▶ **What is being asked**
From the first line to the last, repeat the data exactly but leave out the pictures.

▶ **Source data**
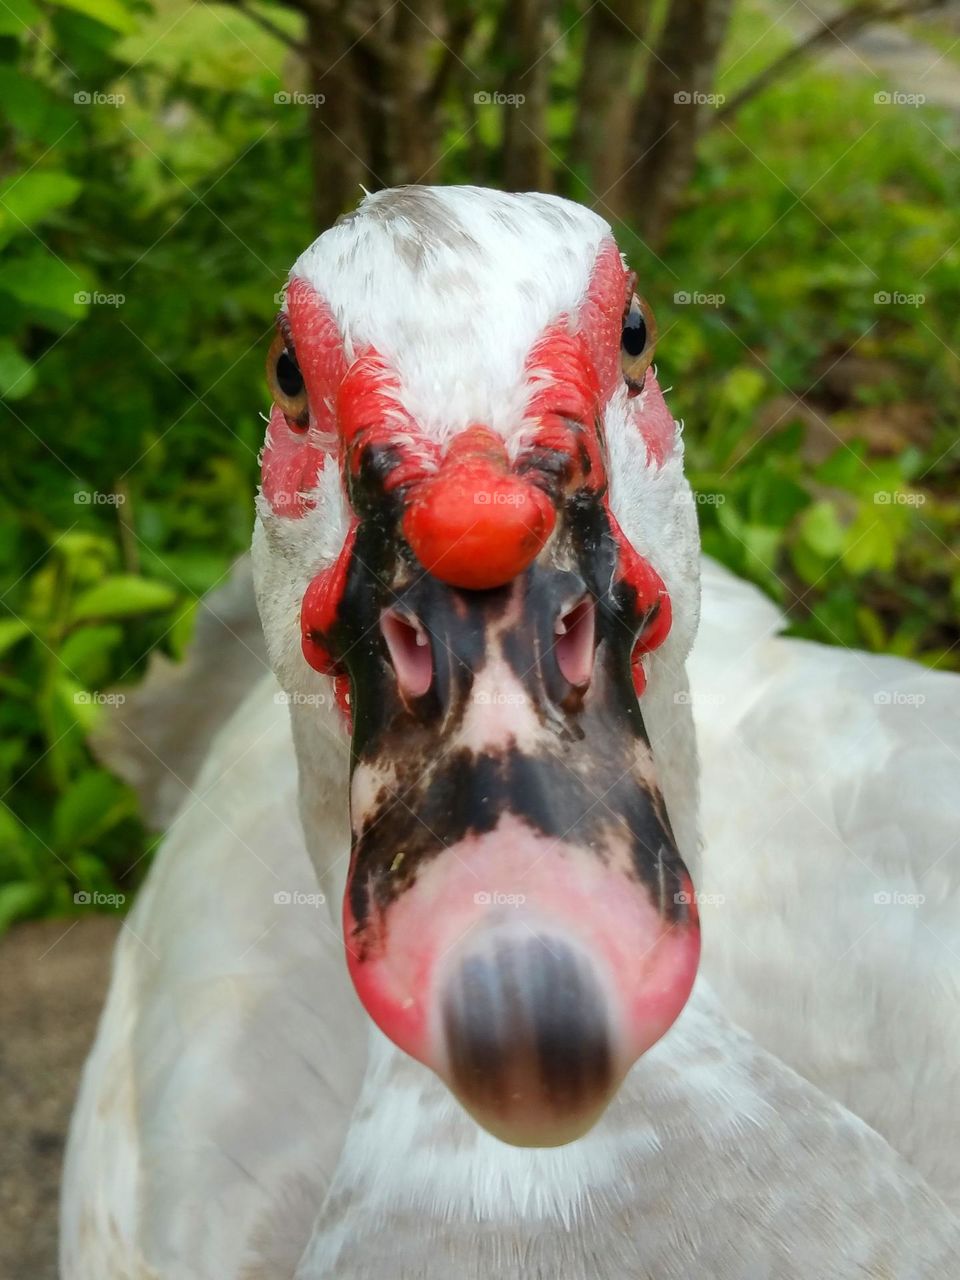 Male Muscovy duck close-up
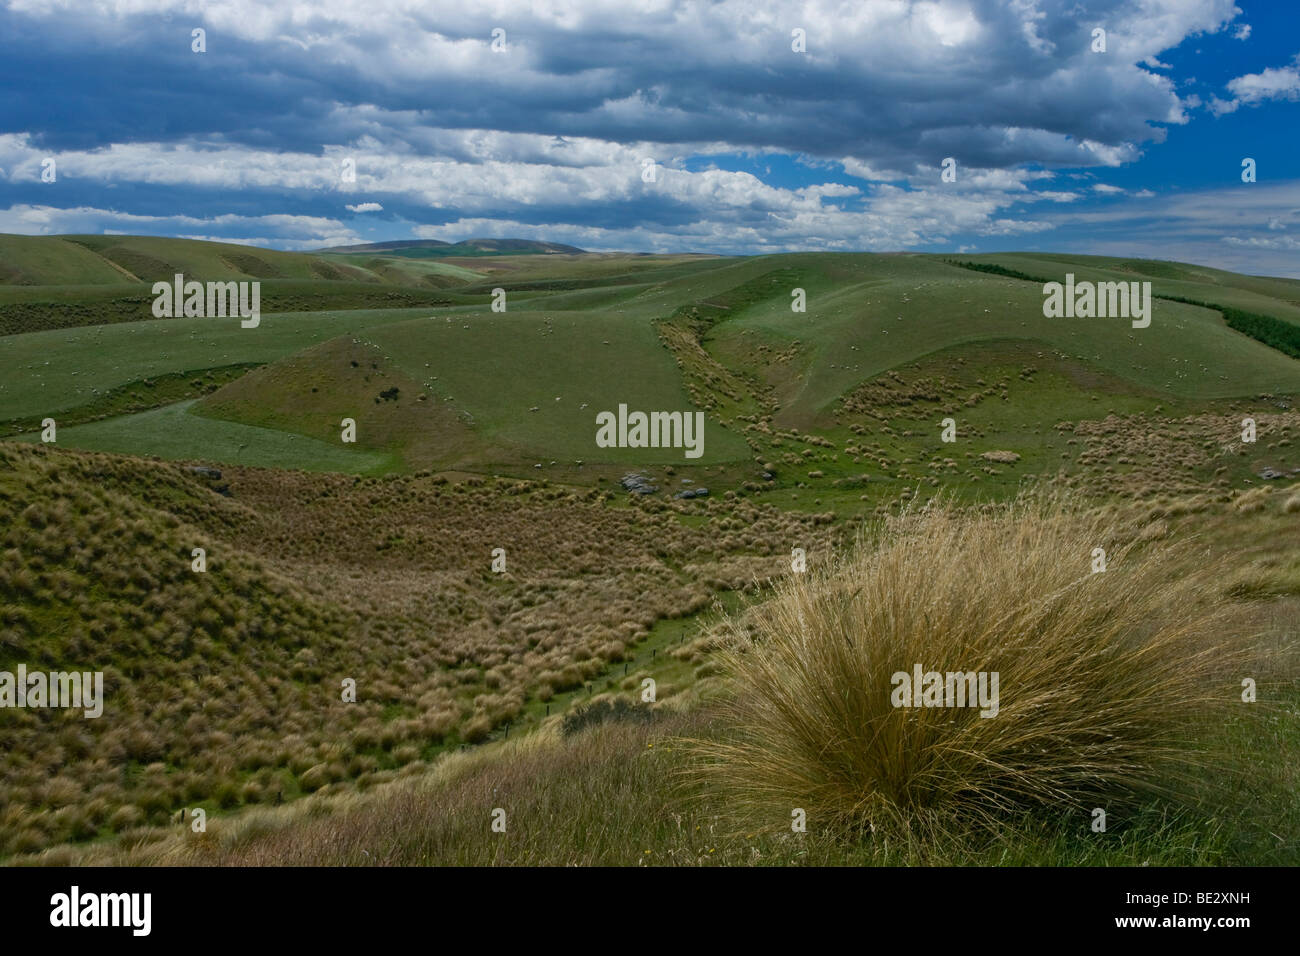 Hilly landscape with clumps of grass, Lake Onslow, South Island, New Zealand Stock Photo
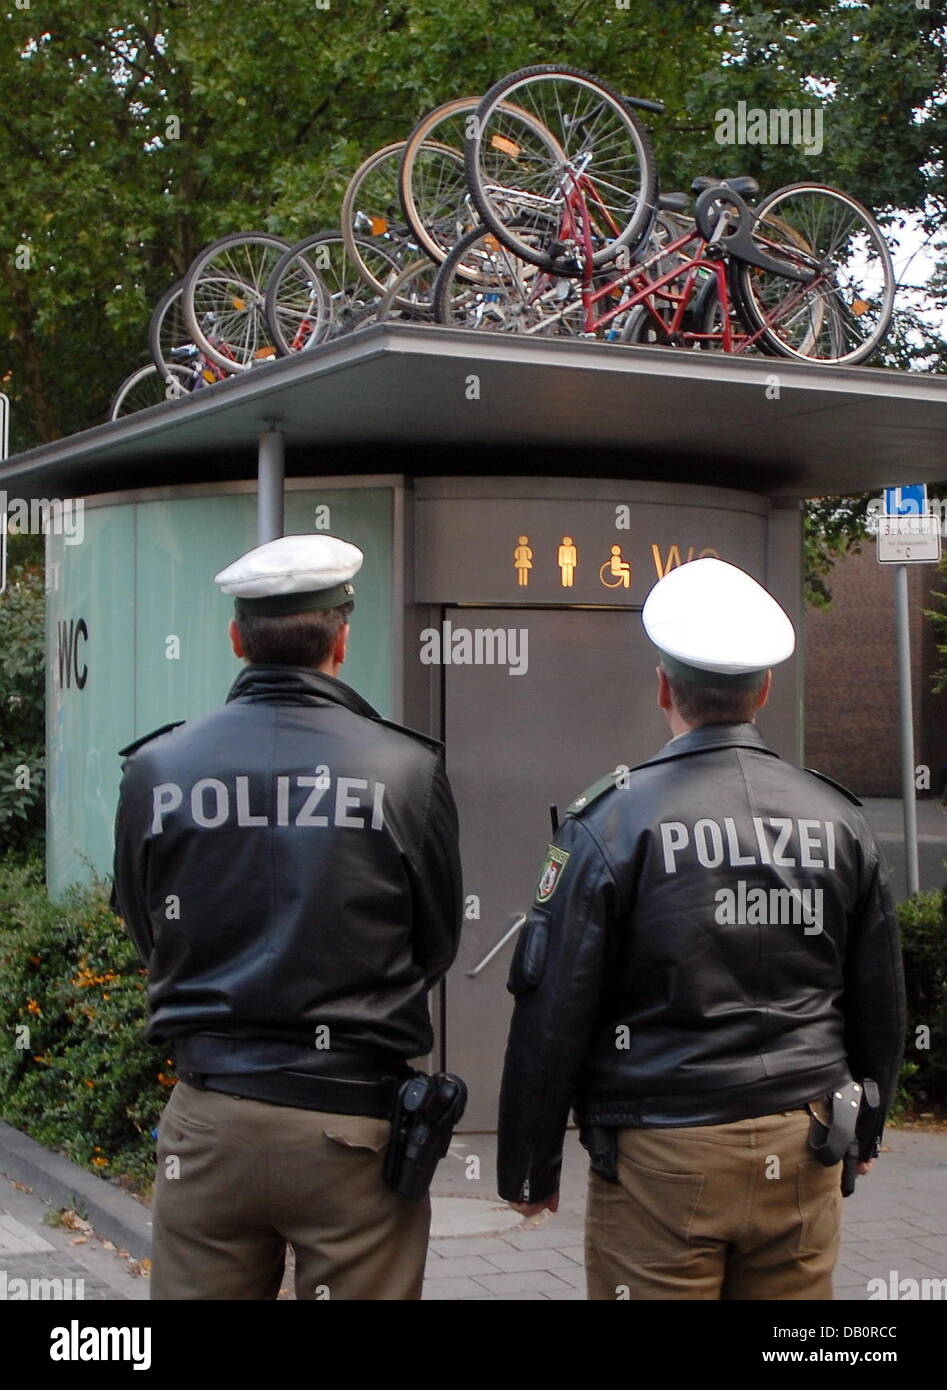 Policemen take a look at several bikes arranged on a public toilet in Muenster, Germany, 19 September 2007. The art exhibition 'sculpture projects' seemed to have inspired someone's creativity. It is not an authorised work of the exhibition. Photo: Polizei Muenster Stock Photo

▶ **Exercise solution**
 Male Muscovy duck close-up
 Hilly landscape with clumps of grass, Lake Onslow, South Island, New Zealand Stock Photo
 Policemen take a look at several bikes arranged on a public toilet in Muenster, Germany, 19 September 2007. The art exhibition 'sculpture projects' seemed to have inspired someone's creativity. It is not an authorised work of the exhibition. Photo: Polizei Muenster Stock Photo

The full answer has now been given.